Here, where he had chosen to live, he appeared as though fallen in some intermediate negative existence. Unusually for him, he felt alone. To be alone was essentially a nondescript, lowered, and unreal state for him.
The following morning Tarr woke, his legs rather cramped and tired, and not thoroughly rested. But as soon as he was up, work came quite easily.
He got his paints out, and without beginning on his principal canvas, took up a new and smaller one by way of diversion. Squaring up a drawing of three naked youths sniffing the air, with rather worried Greek faces and heavy nether limbs, he stuck it on the wall with pins and drew his camp easel up alongside it. He squared up his canvas on the floor with a walking-stick, and fixed it on the easel. To get a threadlike edge a pencil had to be sharpened several times.
By the end of the afternoon he had got a witty pastiche on the way. Two colours principally had been used, mixed in piles on two palettes: a smoky, bilious saffron, and a pale transparent lead. The significance of the thing depended first on the psychology of the pulpy limbs, strained dancers’ attitudes and empty faces; secondly, the two colours and the simple yet contorted curves.
Work over, his depression again grasped him, like an immensely gloomy companion who had been idling impatiently while he worked. He promenaded this companion in “Montmartre by Night,” without improving his character. Nausea glared at him from every object met. Sex surged up and martyrized him, but he held it down rather than satisfy himself with its elementary servants.
The next day, même jeu. He sat for hours in the fatiguing evening among a score of relief ships or pleasure boats, hesitating, but finally rejecting relief or pleasure. And the next day it was the same thing.
Meantime his work progressed. But to escape these persecutions he worked excessively. His eyes began to prick, and on the sixth day he woke up with a headache. He was sick and unable to work.
Tarr decided he had been mistaken in remaining in Paris. The fascination of the omnibuses bound for the Rive gauche was almost irresistible. Destiny had granted him the necessary resolution to break. He could have gone away—anywhere, even. His will had then offered him a free ticket, as it were, to any end of the earth. Or simply, and most sensibly, to London. And yet he had decided to go no farther than Montmartre, in the unwisdom of his sense of energy and freedom of that moment. Now the “free ticket” was not any more available. His Will had changed. It offered all sorts of different bus tickets, merely, which would conduct him, avec and sans correspondence, in the direction of the Quartier du Paradis.
Why not go back again, simply, in fact? The mandates of the governing elements in our nature, resolves, etc., were childish enough things. His resentment against Bertha, and resolve to quit, would always be there. There was room in life for the satisfaction of this impulse, and the equally strong one to see her again. The road back to the Quartier du Paradis would probably have been taken quite soon, only it needed in a way as much of an effort in the contrary direction to get back as it had to get away. He did not know what might await him either. She might really have given him up and changed her life. He had not the necessary experience to dismiss that possibility.

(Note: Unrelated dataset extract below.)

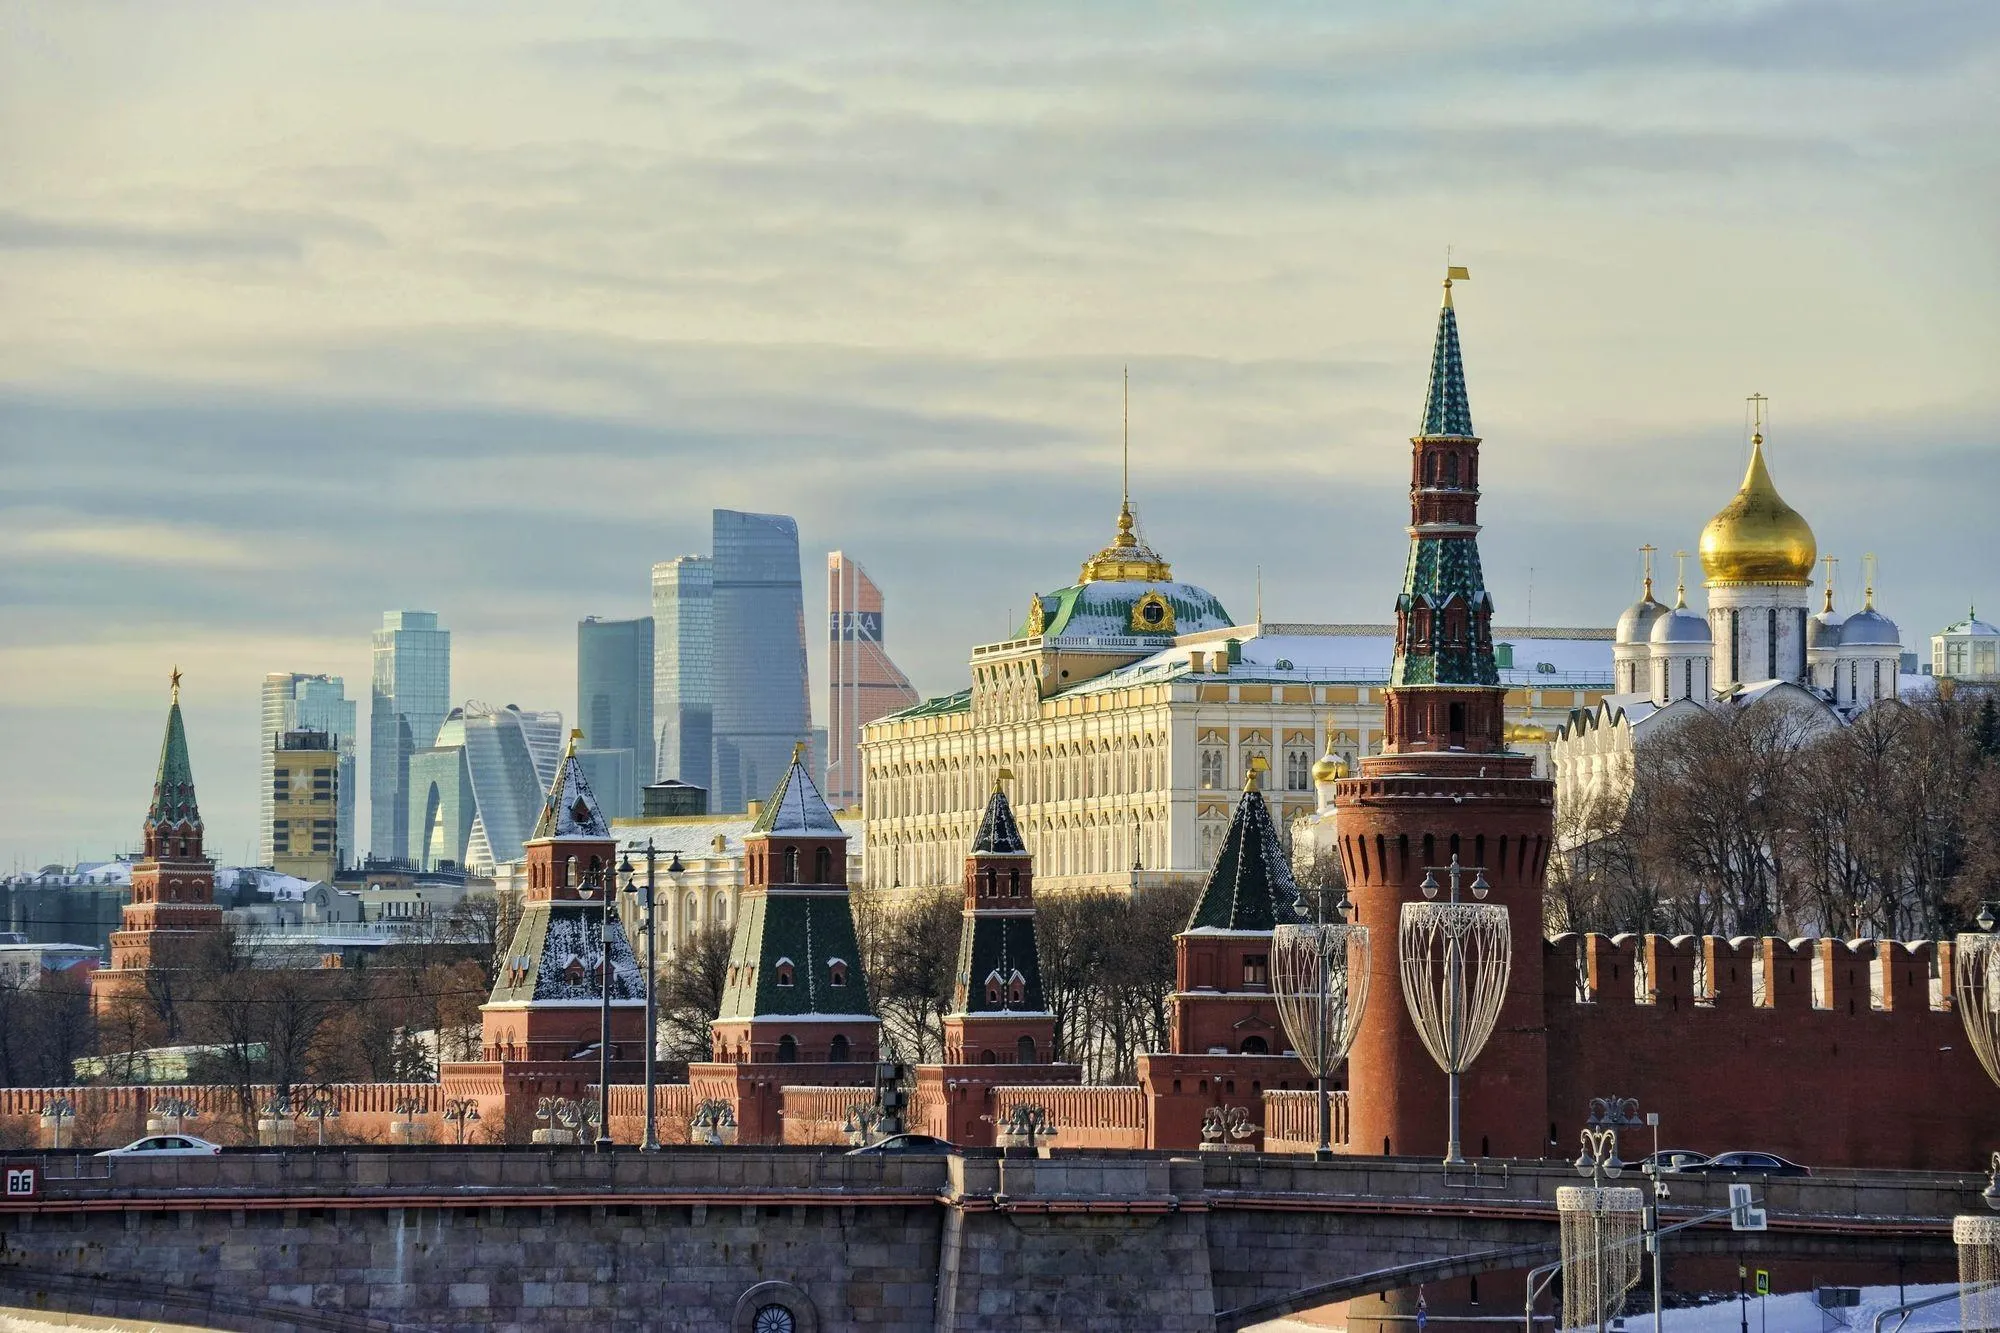 Vue du Kremlin (premier plan) et du quartier d'affaires de Moskva-City
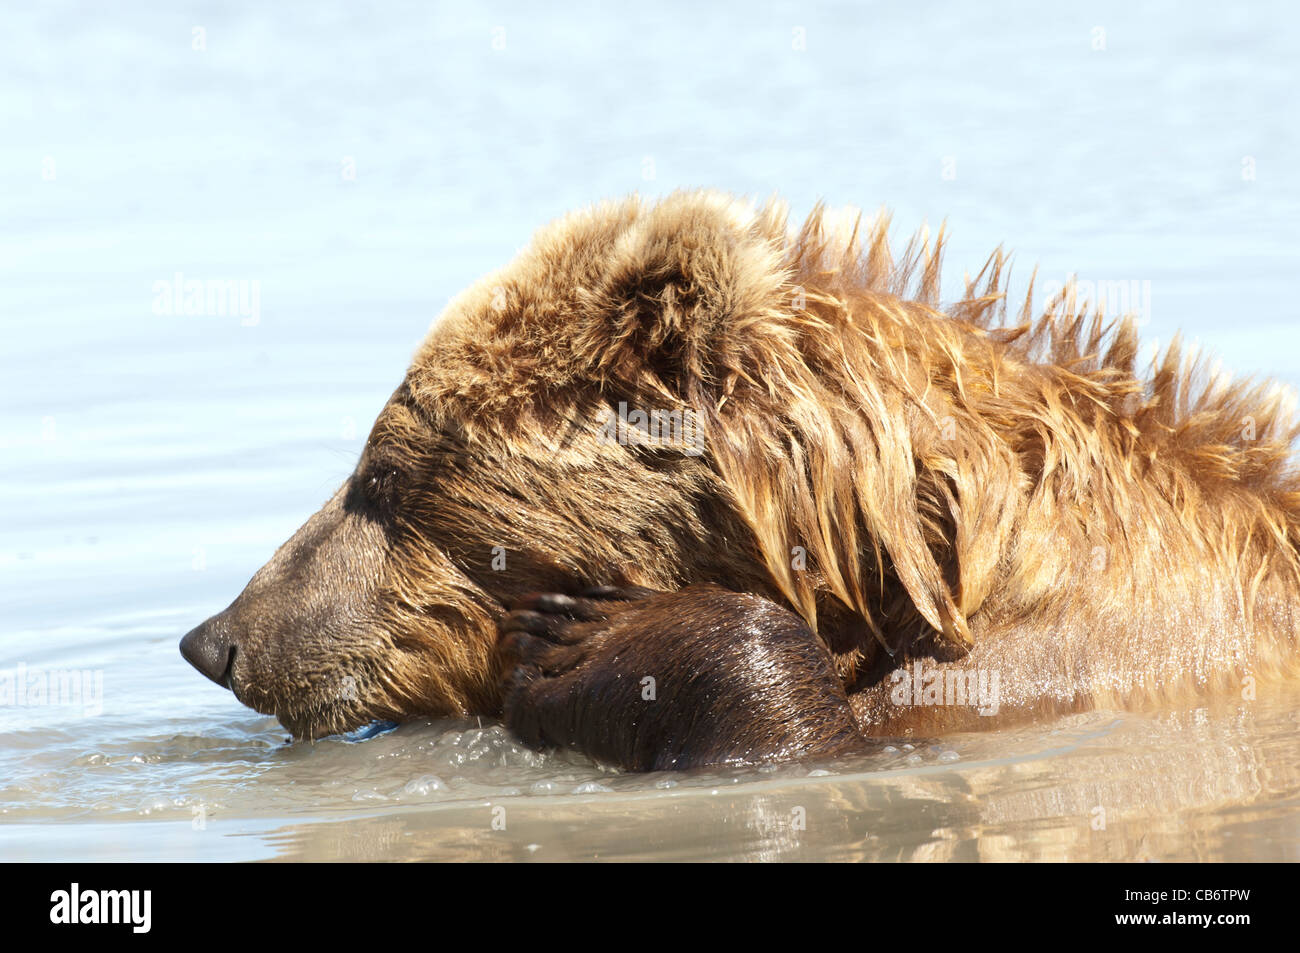 Stock Foto von einem Alaskan Braunbär in einem Bach baden. Stockfoto

But at last one evening he did go. He went deliberately up to an omnibus “Clichy—St. Germain,” and took his seat under its roof. He was resolved to glut himself, without any atom of self-respect or traces of “resolve” remaining, in what he had been wanting to do for a week. He would go to Bertha’s rooms, even find out what had been happening in his absence. He might even, perhaps, hang about a little outside, and try to surprise her in some manner. Then he would behave en maître, there would be no further question of his having given her up and renounced his rights. He would behave just as though he had never gone away or the letters been sent. He would claim her again with all the appeals he knew to her love for him. He would conduct himself without a scrap of dignity or honesty. Once the “resolution” and pride of his retiring had been broken down, it was thenceforth immaterial to what length he went. In fact, better be frankly weak and unprincipled in his actions and manner, go the whole length of his defeat and confusion. In such completeness there remains a grain of superiority and energy.